Assignment: Exact transcription, pictures omitted: reproduce the listing below.

Information provided:
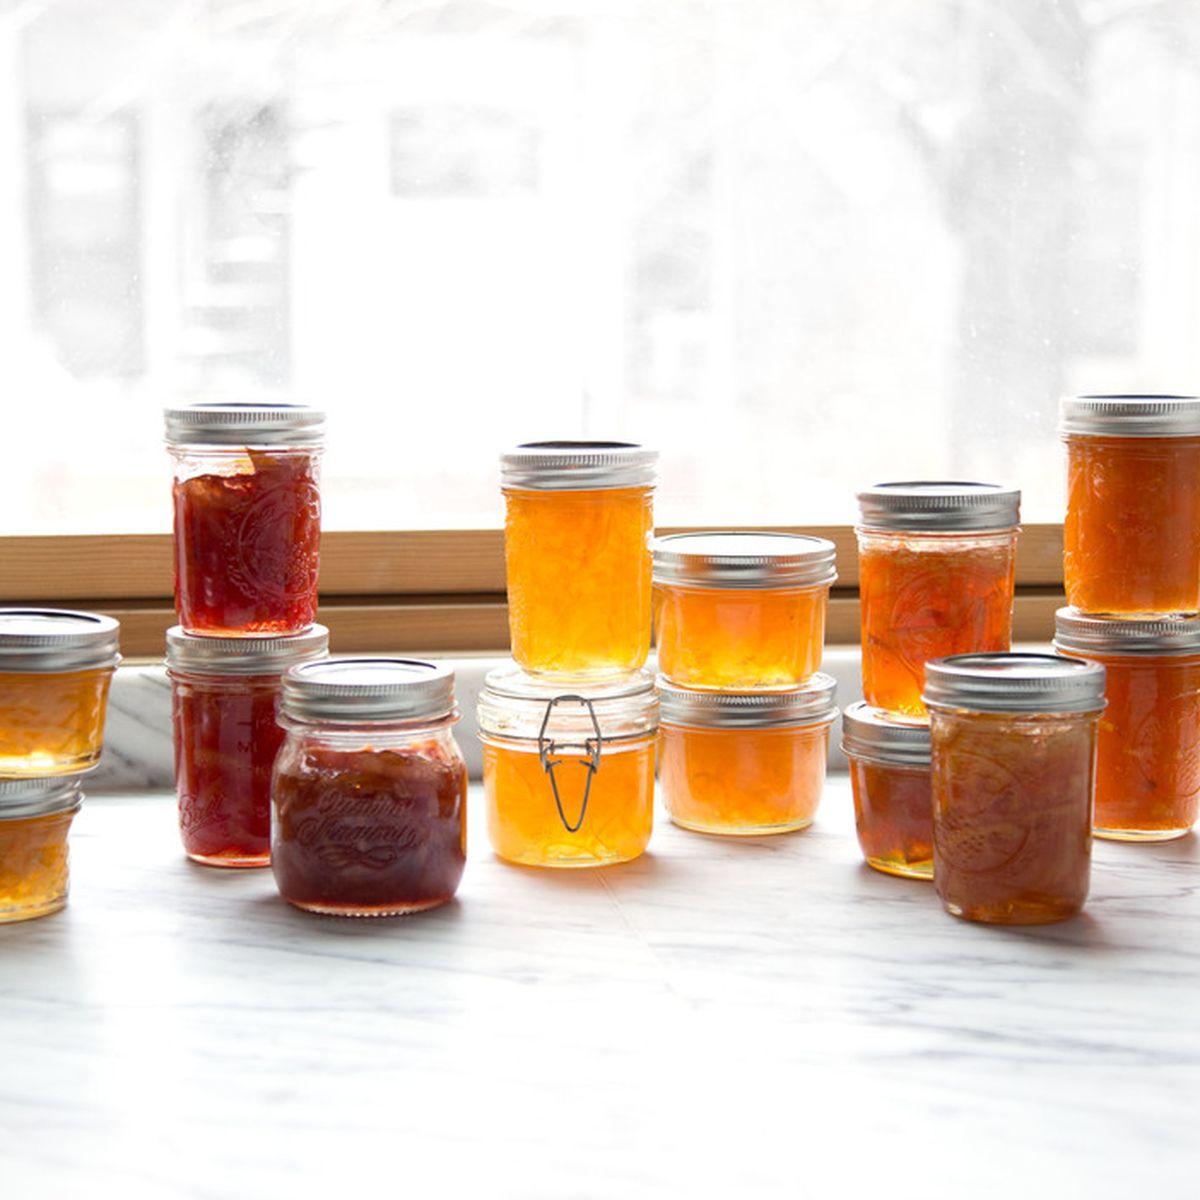 Preserve the Citrus Season with Homemade Marmalade
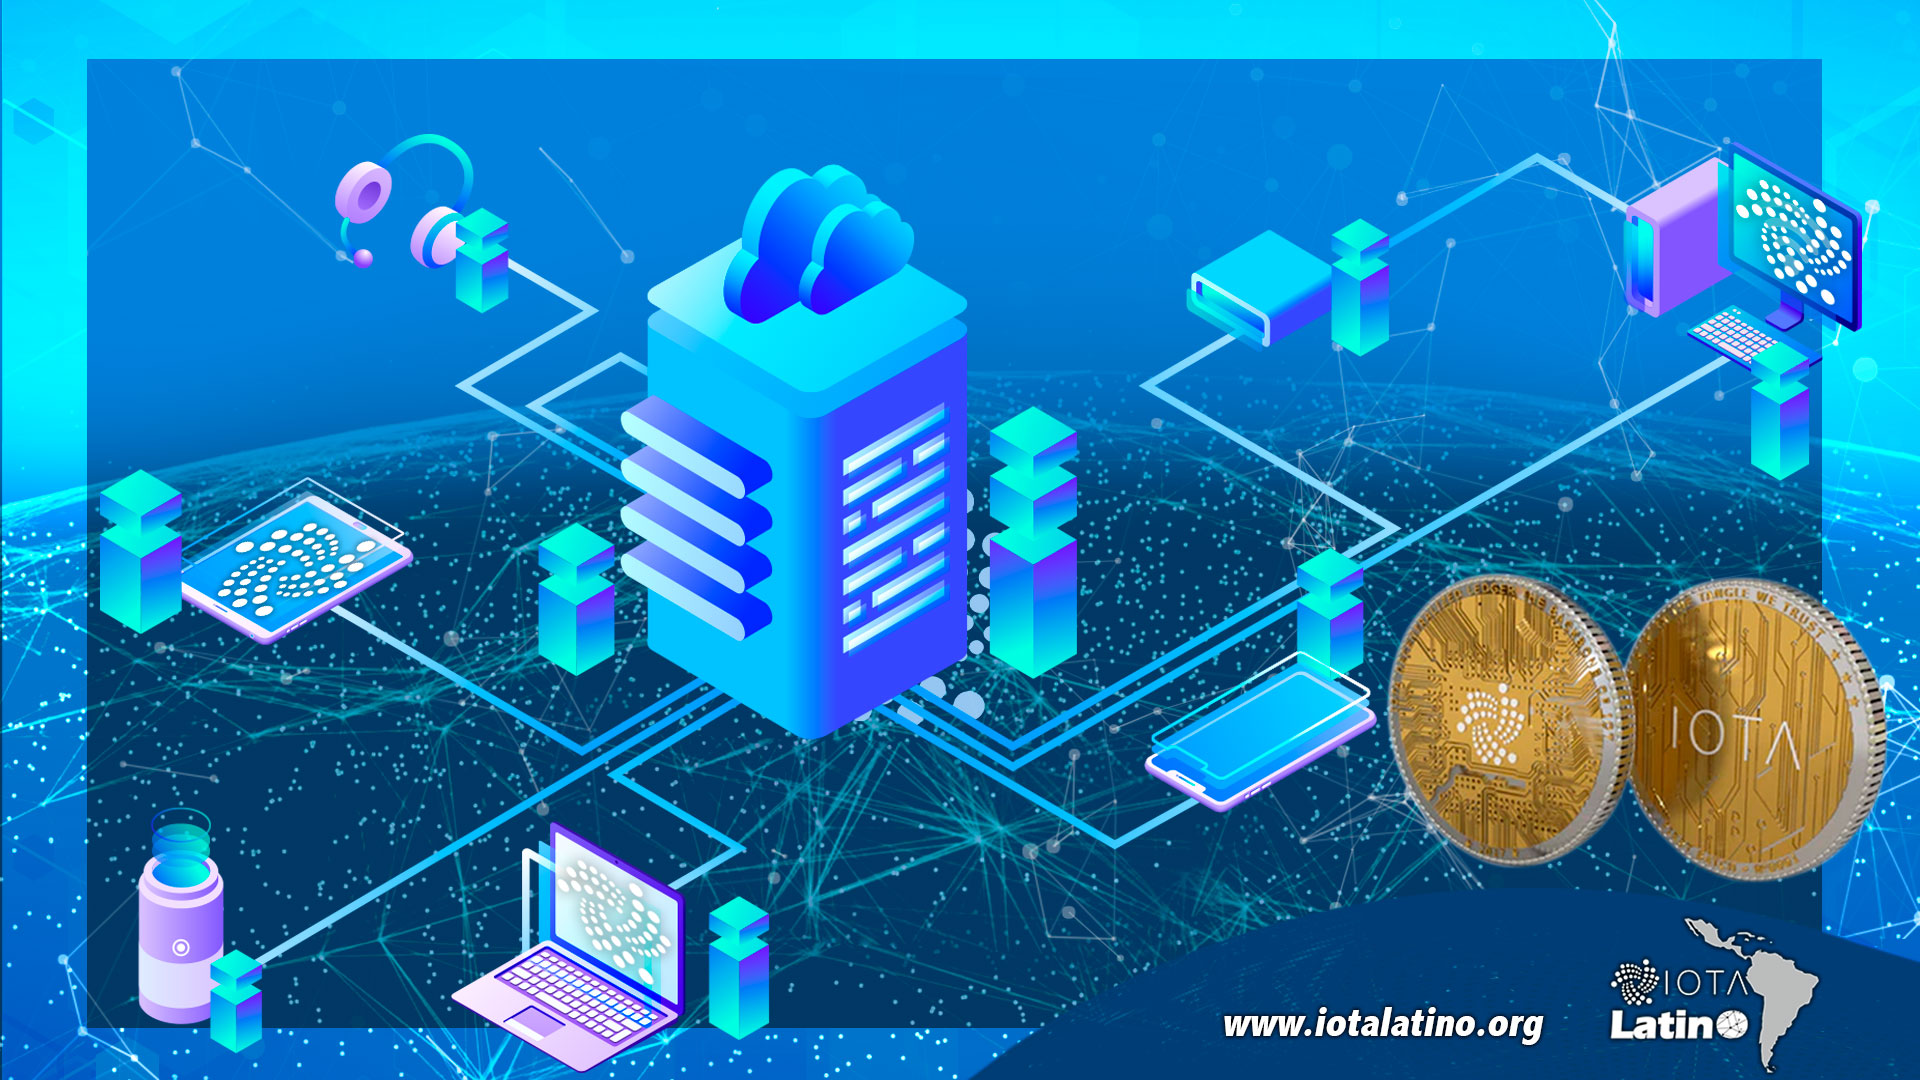 iotalatino -IOTA-Pago-digital-Iota (1)
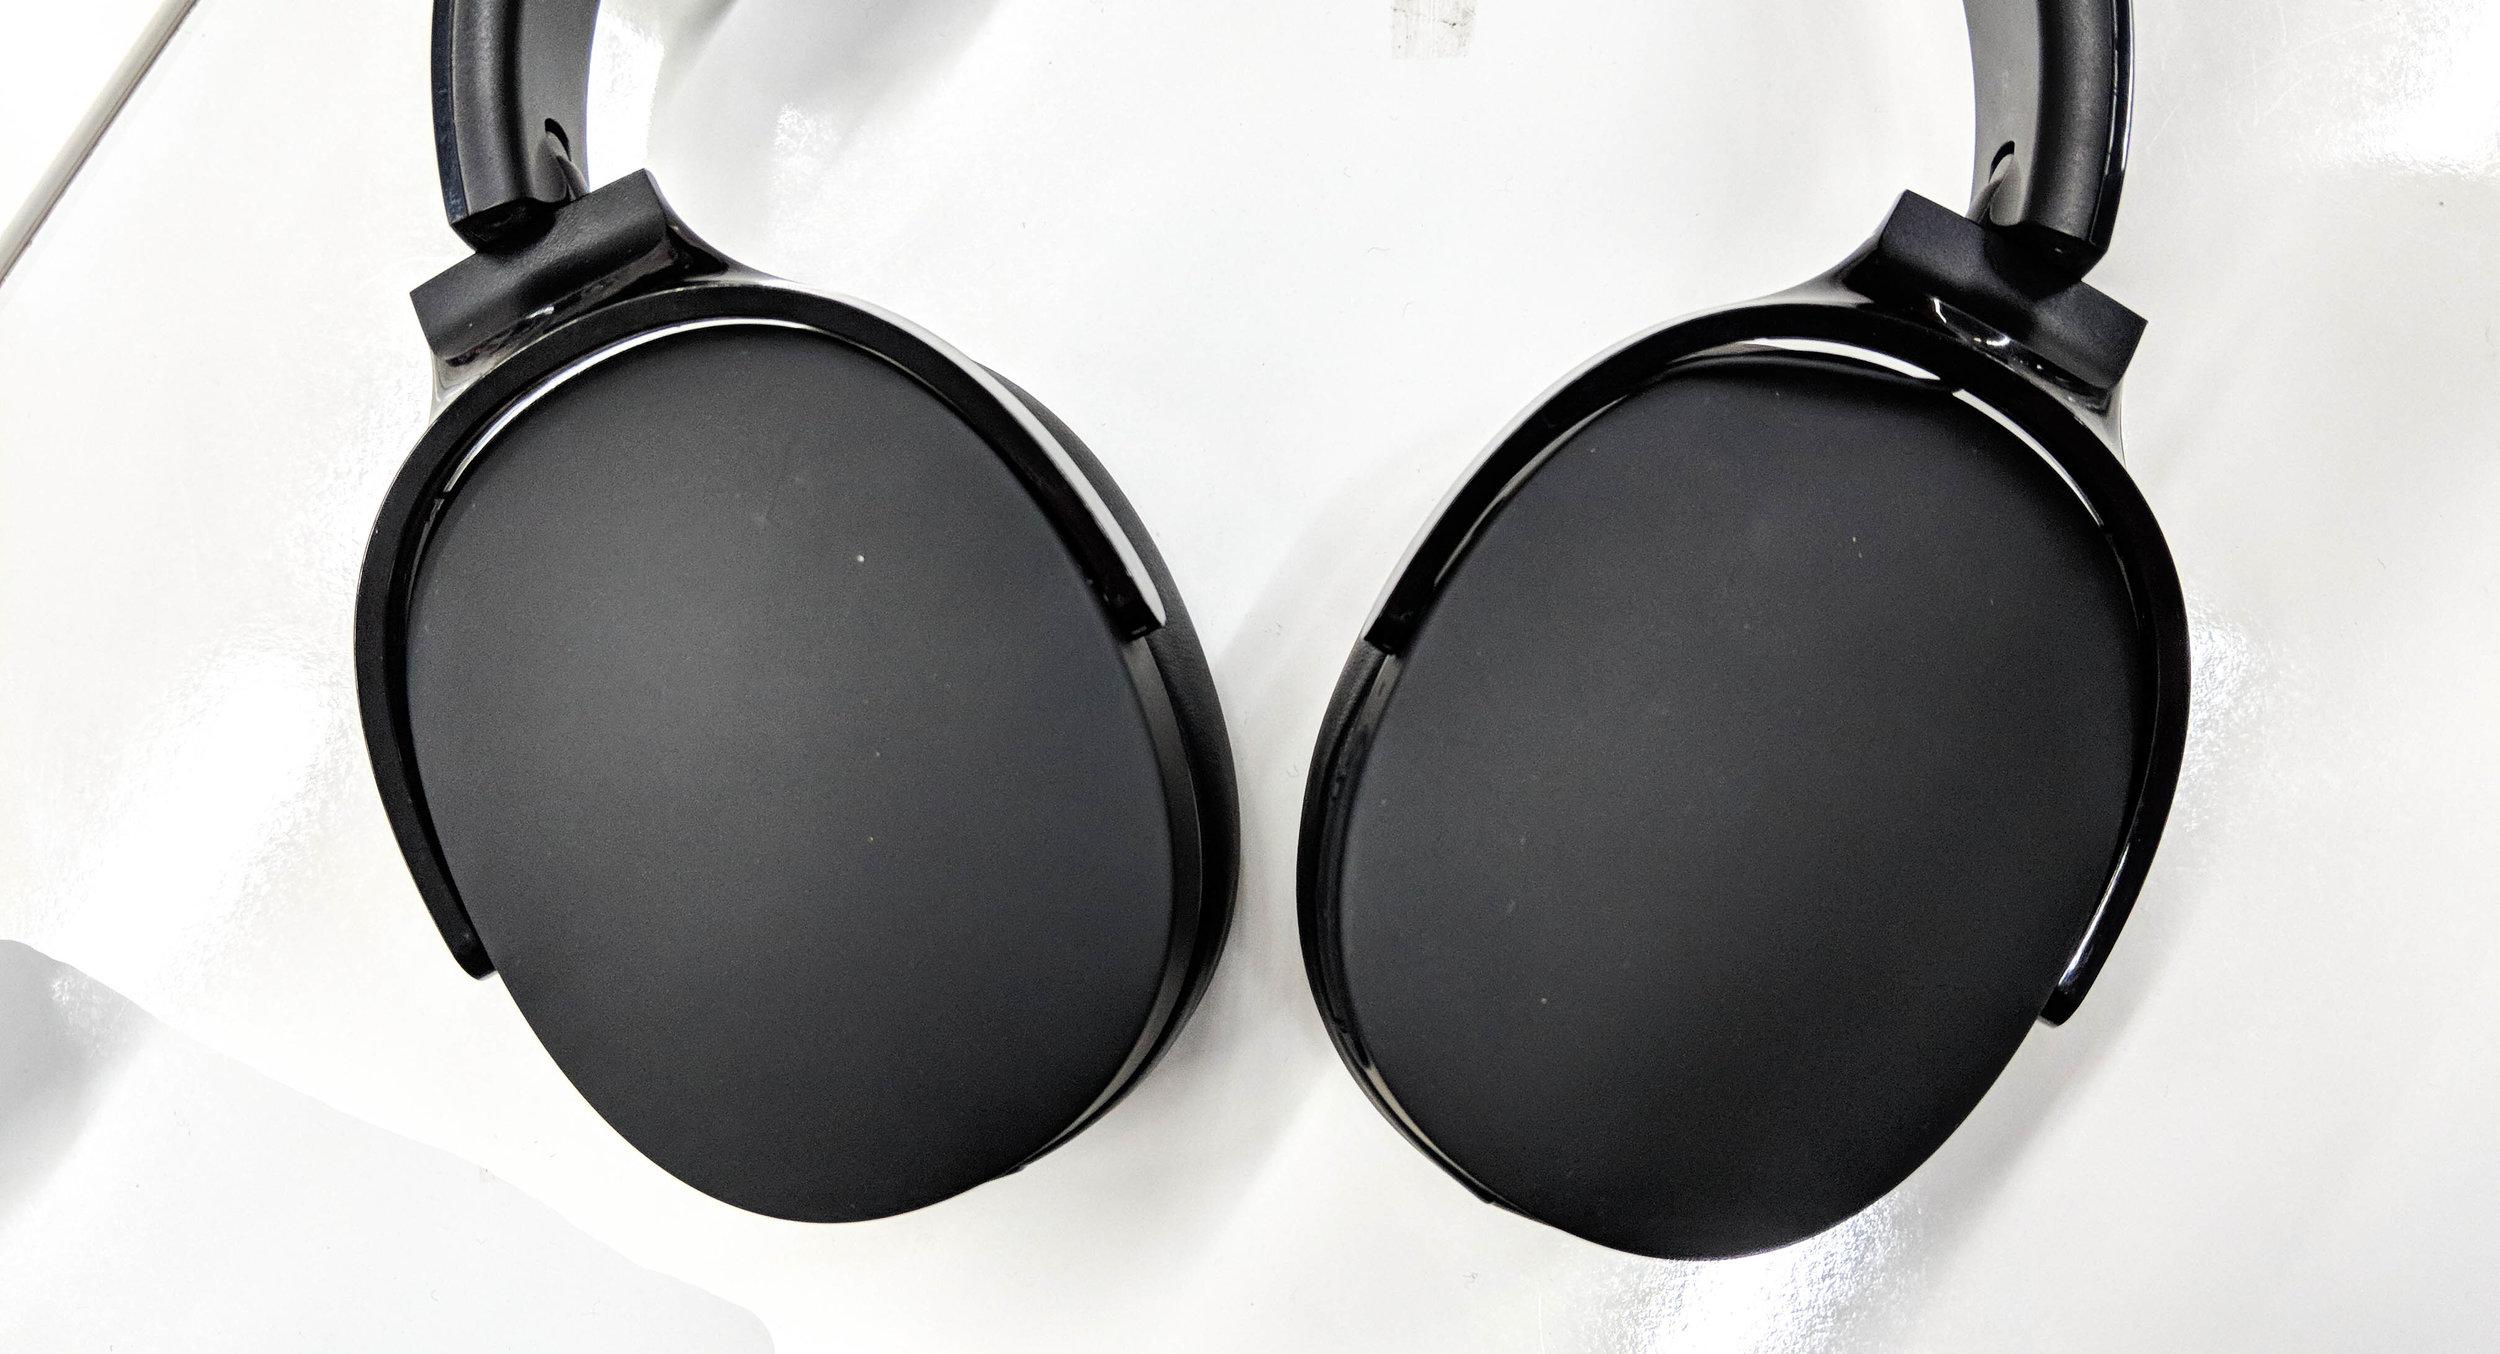 Skullcandy Hesh 3 Headphone Review

Written solution:
 Preserve the Citrus Season with Homemade Marmalade
 iotalatino -IOTA-Pago-digital-Iota (1)
 Skullcandy Hesh 3 Headphone Review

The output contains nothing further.